_Information provided_
-- Opening Marker --

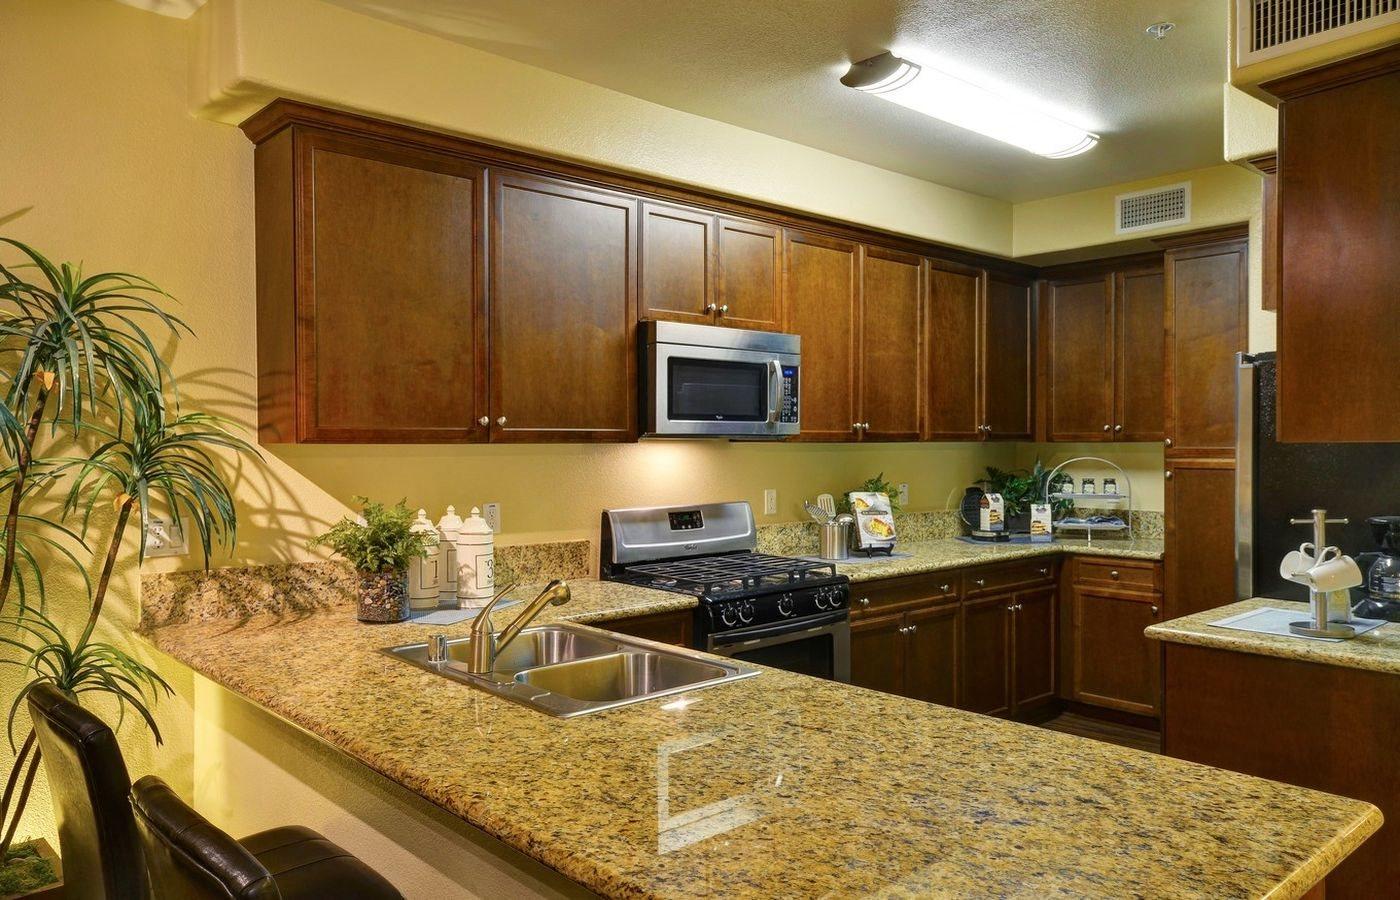 Natural Wood Cabinets and Pantry, at Rosina Vista, CA, 91913
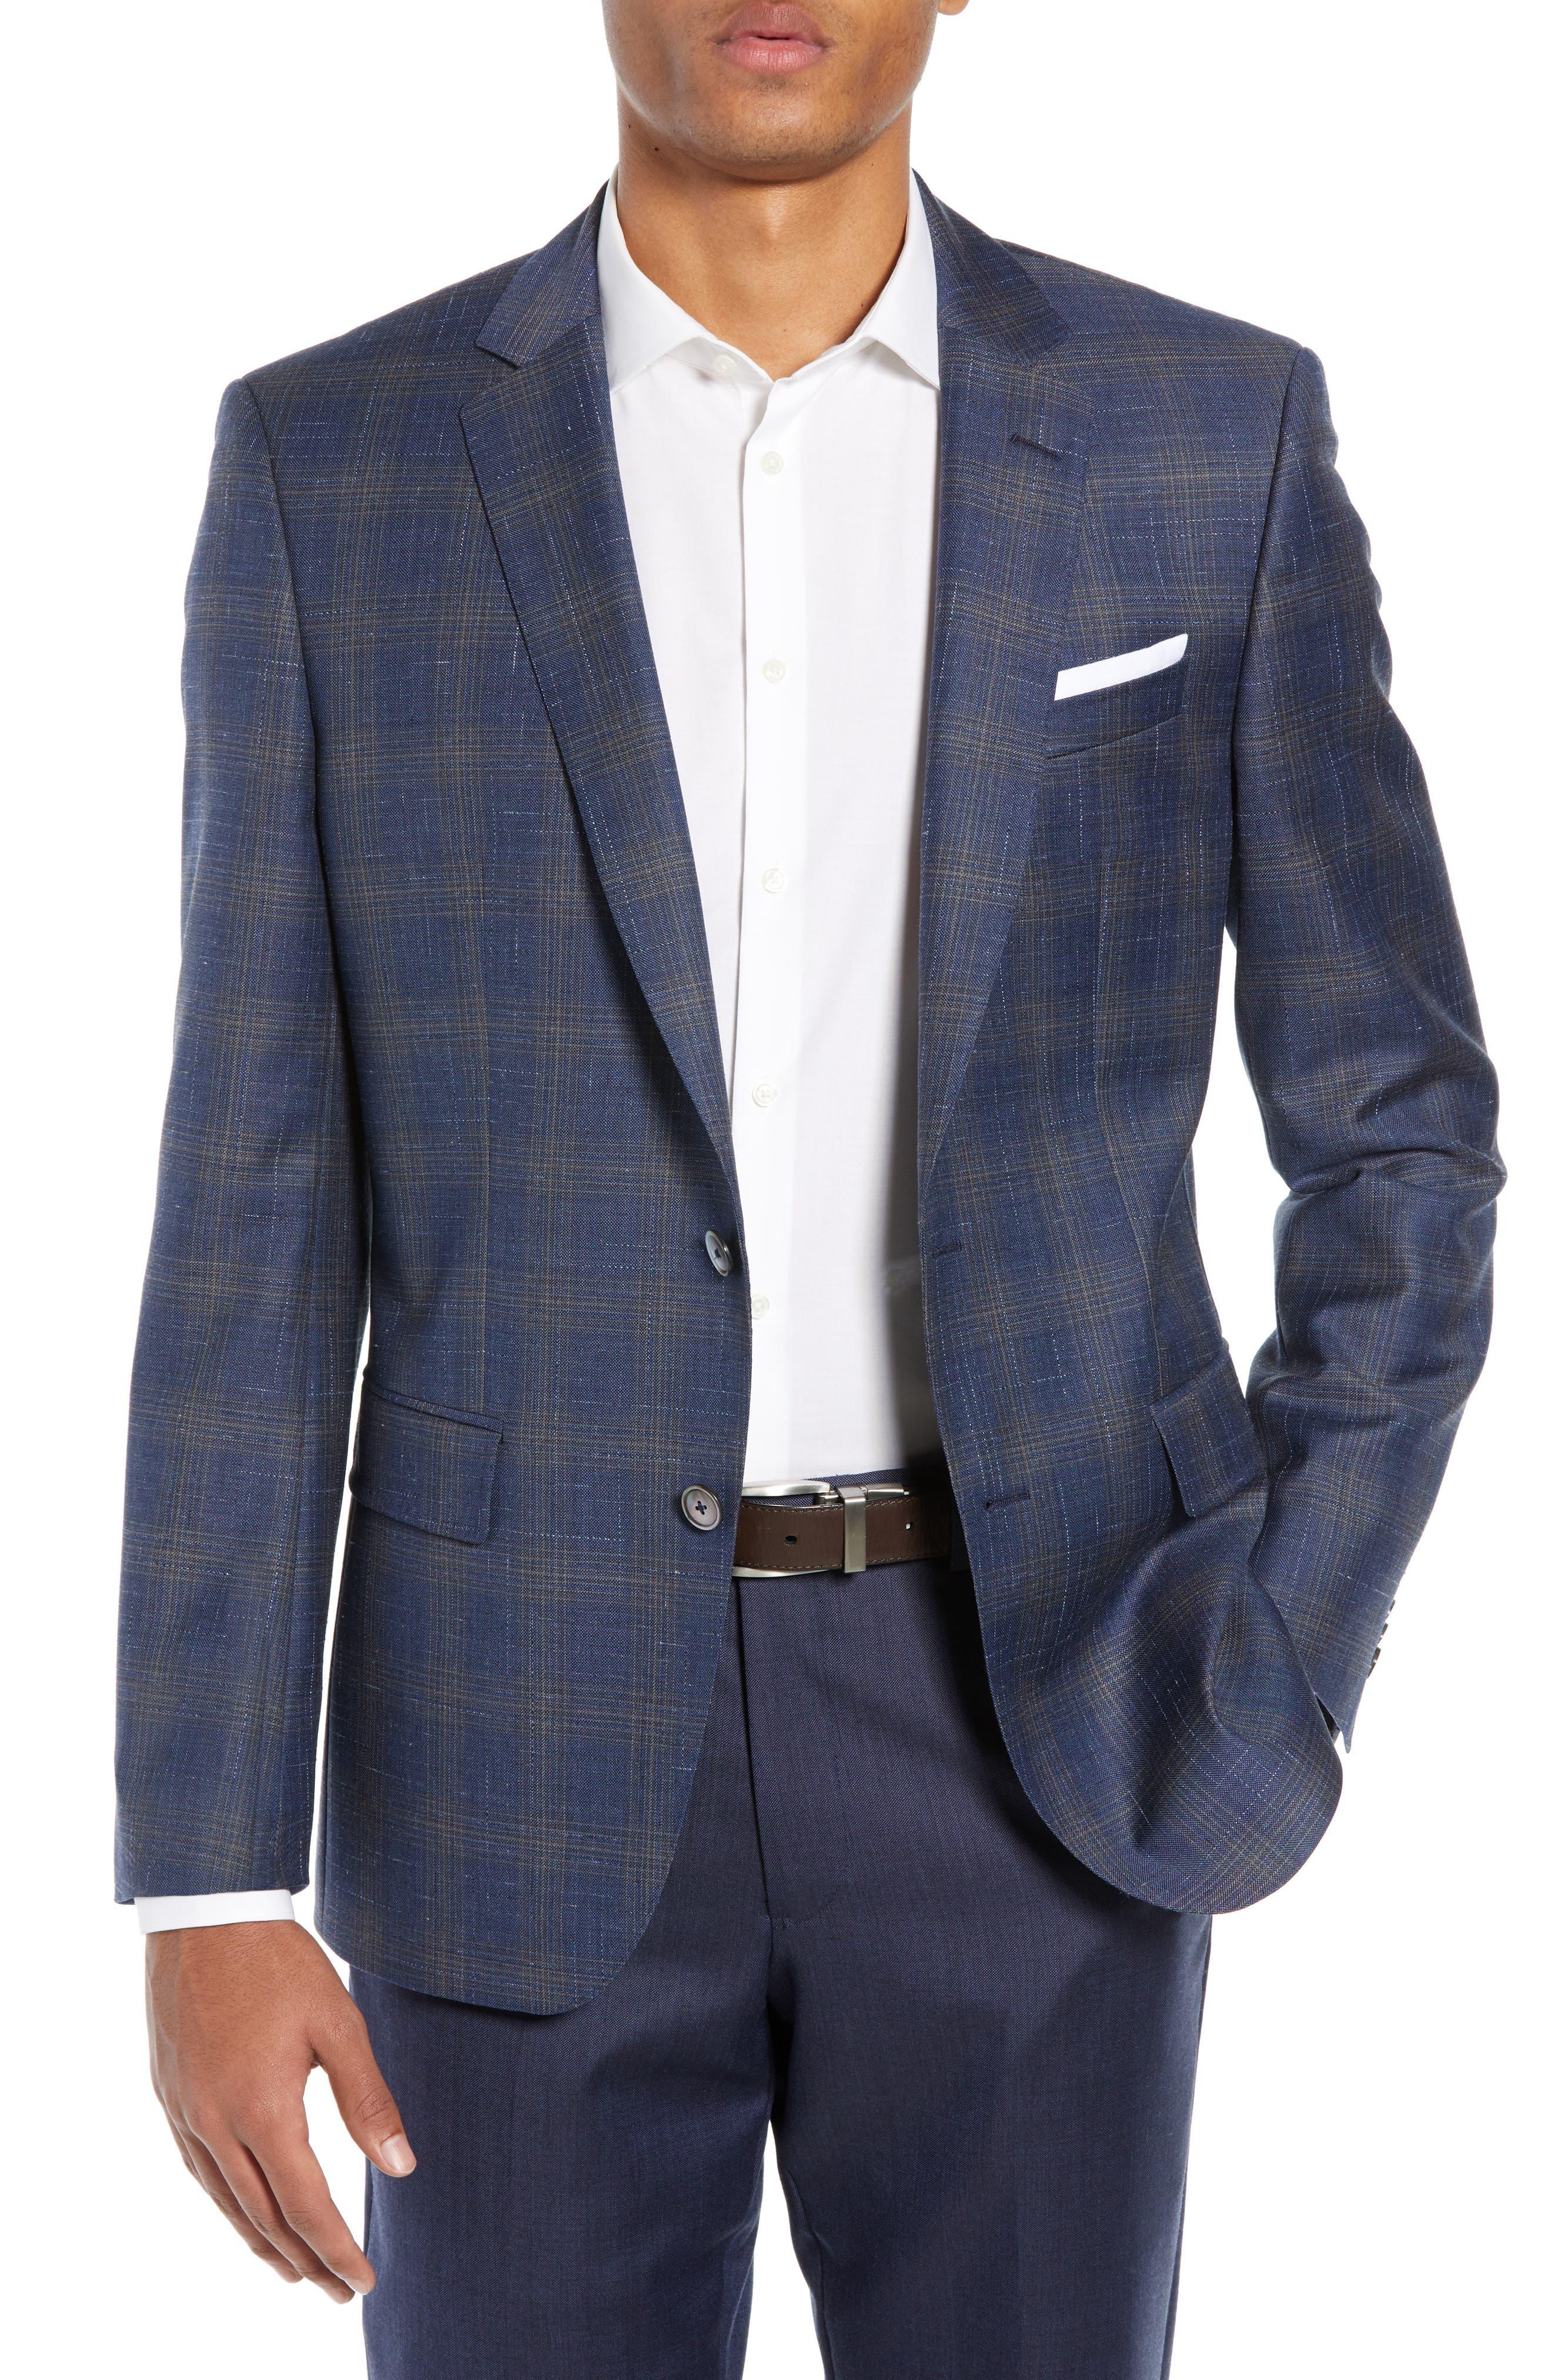 boss blazers \u0026 sport coats for men nordstrom1418460 Hugo Boss Tuxedo Shirt Nordstrom #16
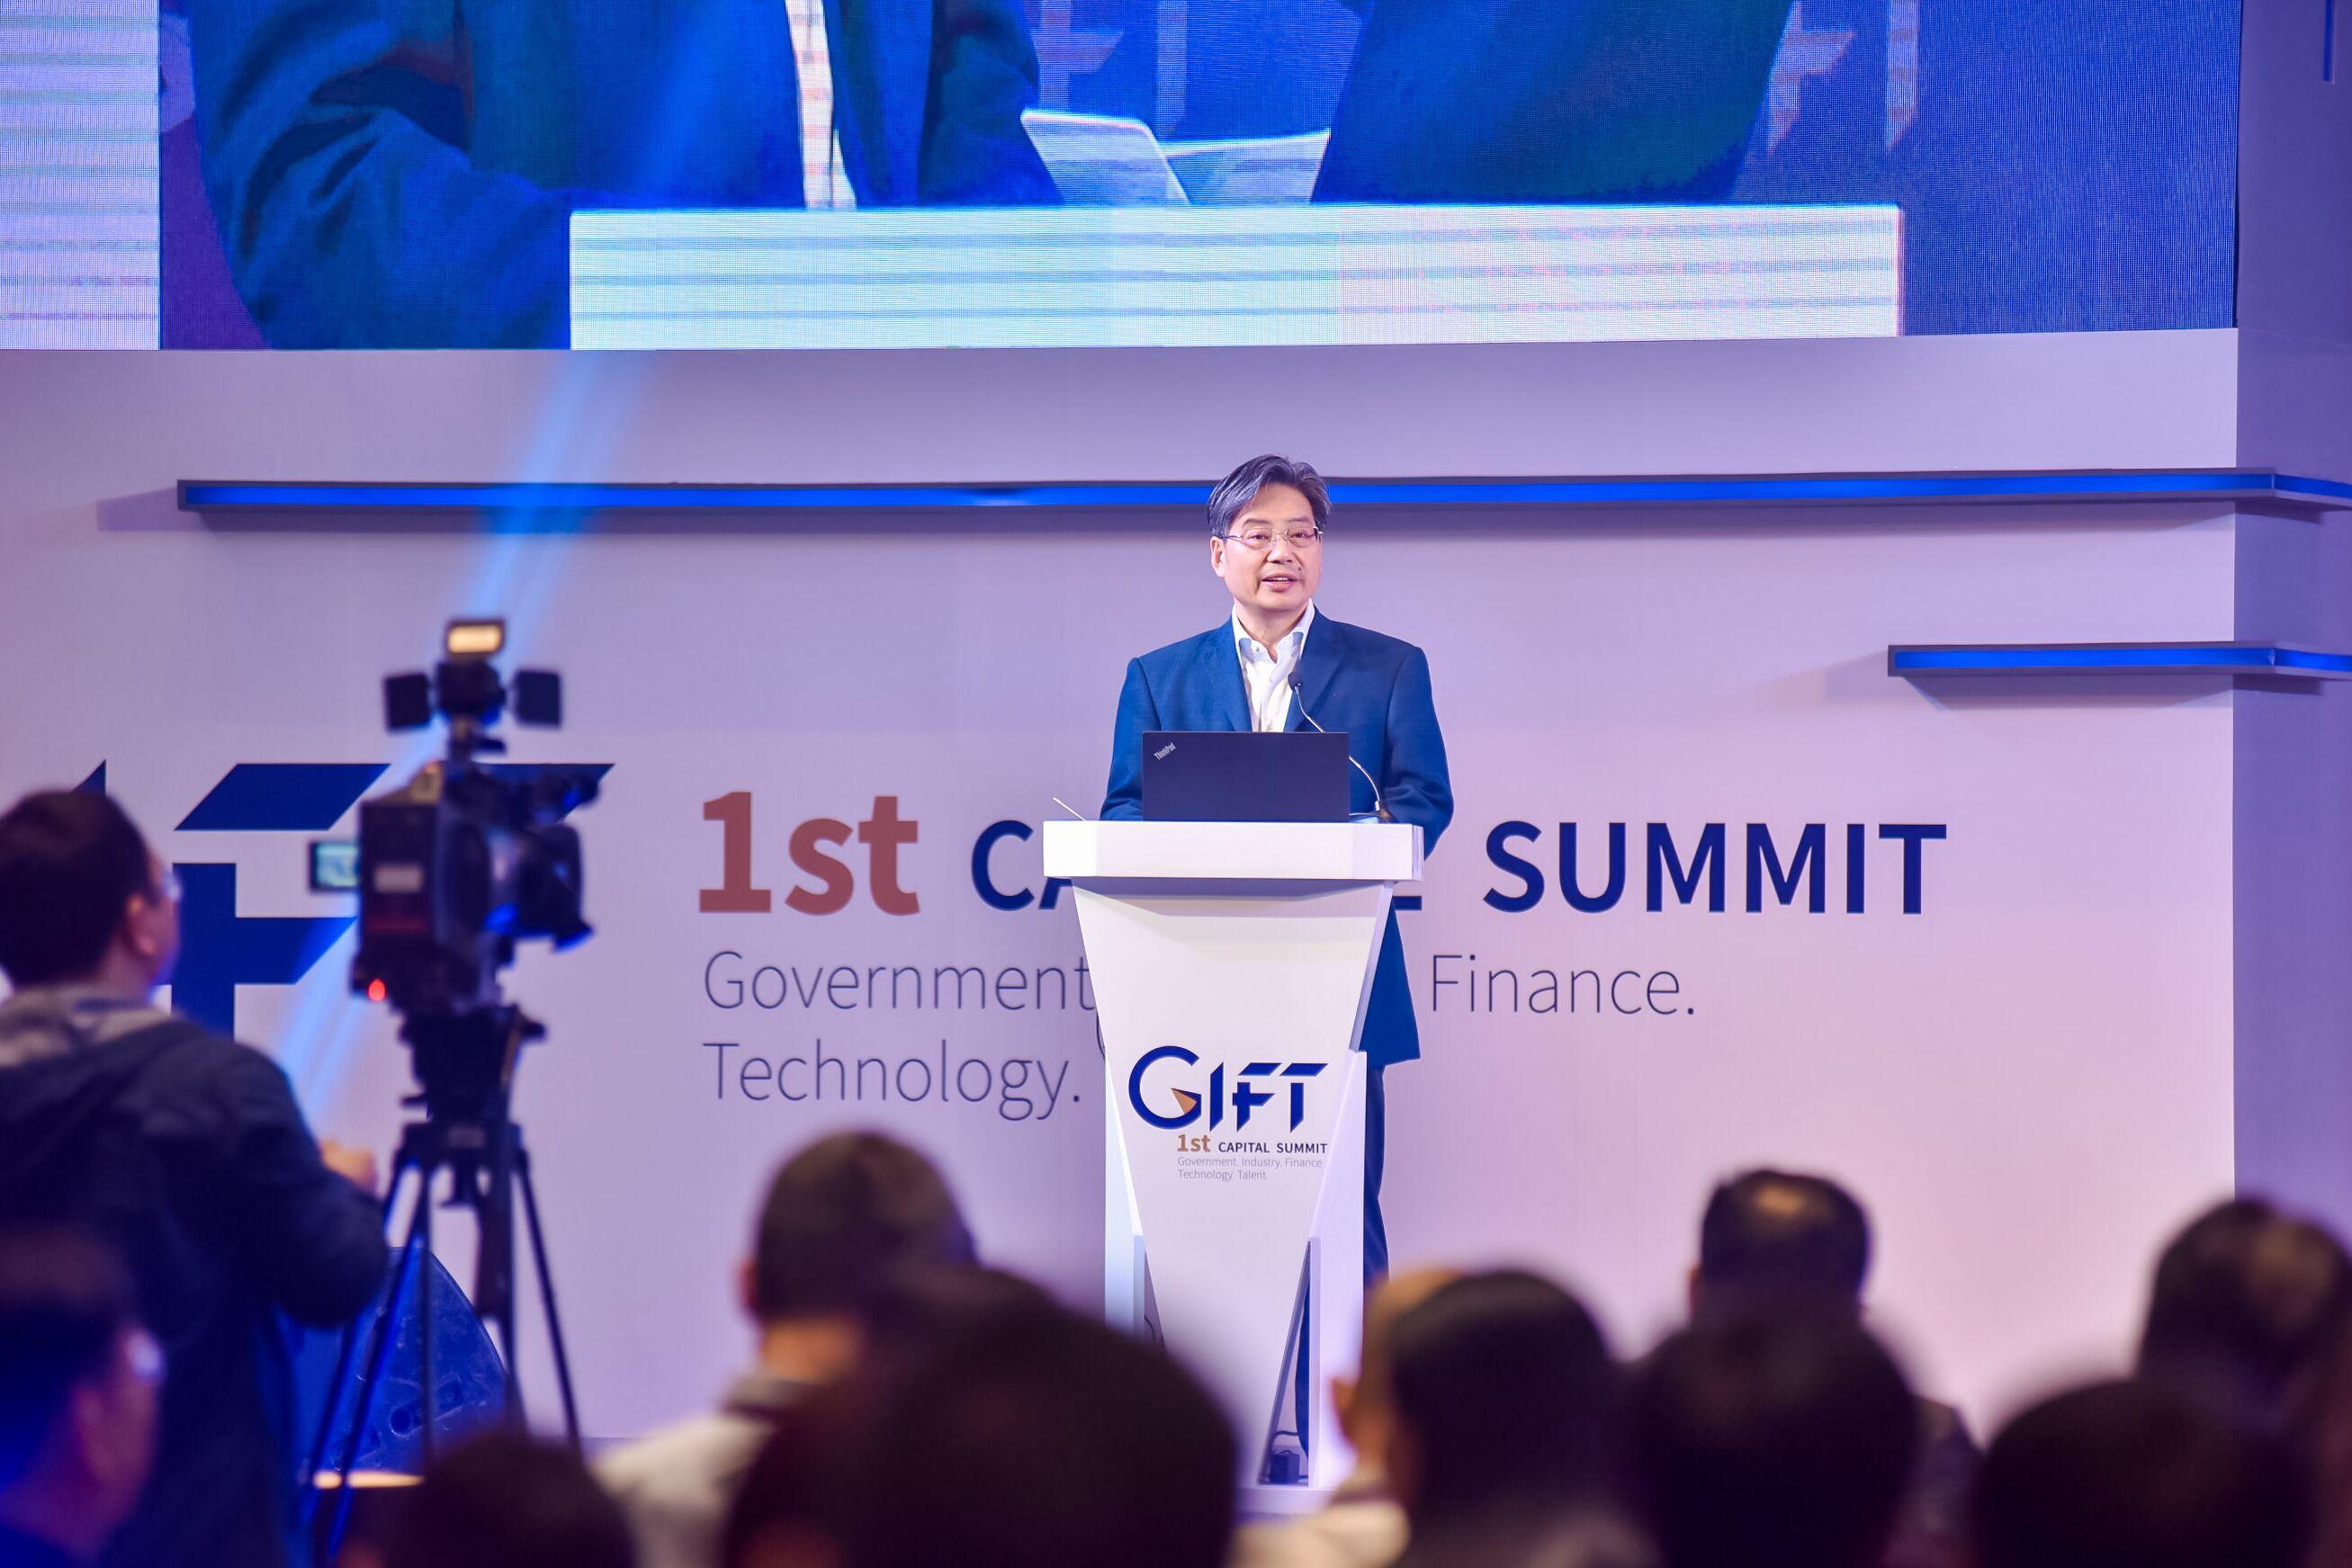 600位金融大咖齐聚无锡共话本钱立异赋能 ——首届GIFT峰会为长三角区域经济高质量开展献礼

-- Closing Marker --

_Task brief_
What is needed is every line of the data above, set down exactly but with the images left out.

_Expected output_
 Natural Wood Cabinets and Pantry, at Rosina Vista, CA, 91913
 boss blazers \u0026 sport coats for men nordstrom1418460 Hugo Boss Tuxedo Shirt Nordstrom #16
 600位金融大咖齐聚无锡共话本钱立异赋能 ——首届GIFT峰会为长三角区域经济高质量开展献礼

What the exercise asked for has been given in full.